2- Que devient le mandat du délégué syndical ?
Depuis la loi du 5 mars 2014 relative à la formation professionnelle, à l’emploi et à la démocratie sociale, le mandat du délégué syndical s’achève au plus tard lors du premier tour des élections, le syndicat devant alors redésigner un délégué syndical. En l’absence d’élection du CSE dans les délais impartis, la DGT estime que deux situations doivent être distinguées (Dépêche AEF info n° 618152 du 12/12/2019).
« Dans les entreprises de moins de 50 salariés, la loi lie explicitement le mandat de délégué syndical à celui de délégué du personnel (titulaire).
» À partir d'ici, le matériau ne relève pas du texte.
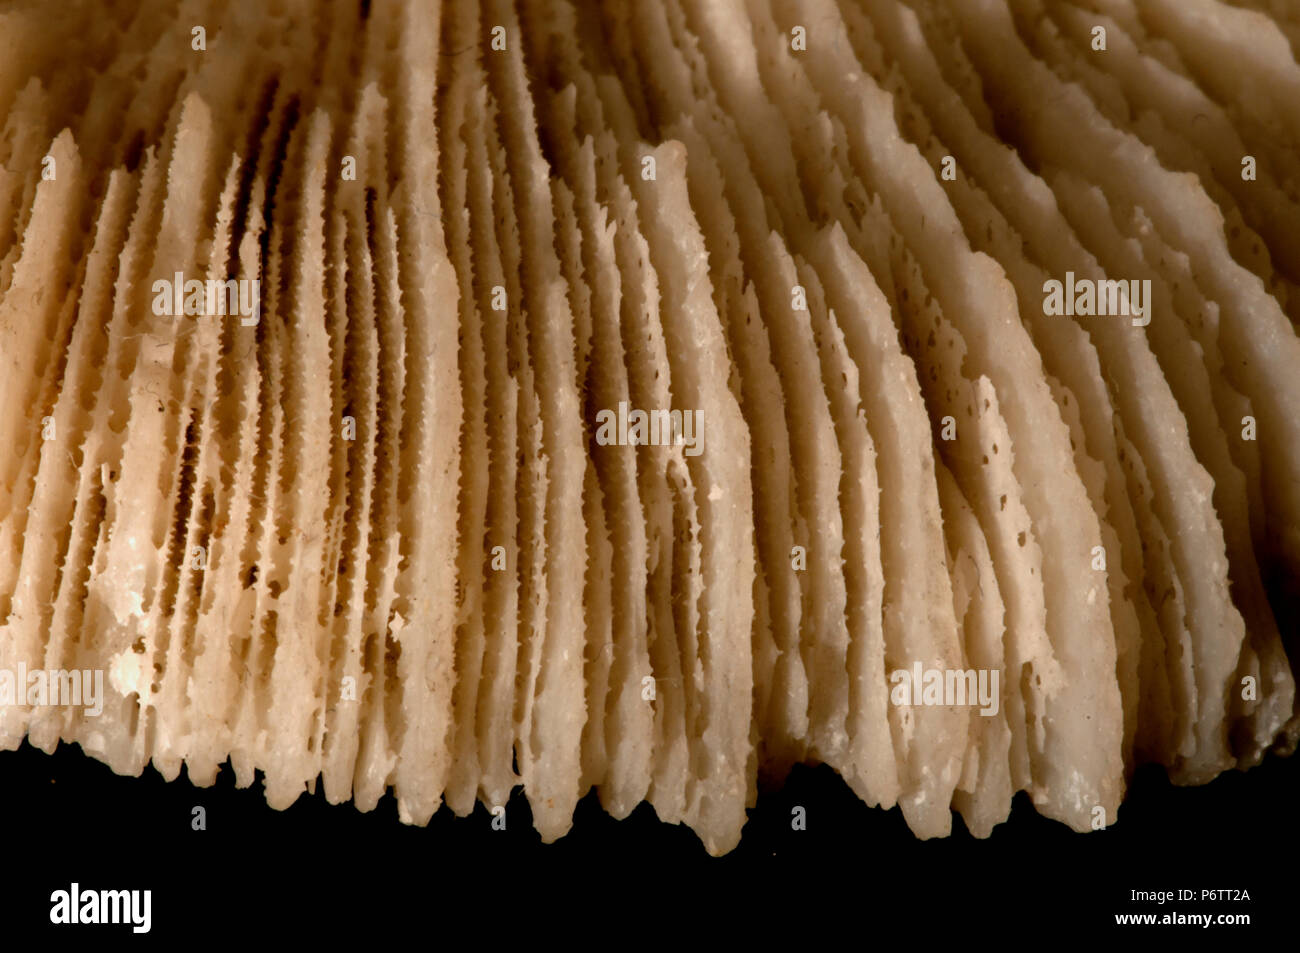 Disque pédale - Détail de la cloison calcifiée (parois radiales). Classe des Anthozoaires, embranchement des cnidaires, Anemone, Banque D'Images

Par conséquent, le mandat syndical cesse de plein droit à l’échéance du mandat de délégué du personnel ». Donc au plus tard au 31 décembre 2019. Cette position de la DGT est discutable mais elle est
assez logique juridiquement et ne sera donc pas facile à contester.
En revanche, pour la DGT, « dans les entreprises employant au moins 50 salariés, le délégué syndical n’est pas nécessairement un élu, l’organisation syndicale représentative pouvant désigner un délégué syndical parmi des candidats non élus ou à défaut parmi ses adhérents au sein de l’entreprise ou parmi ses anciens élus. Par suite, le mandat syndical se poursuit jusqu’à l’organisation du premier tour des élections ». Dès lors le mandat continue au-delà du 31 décembre 2019.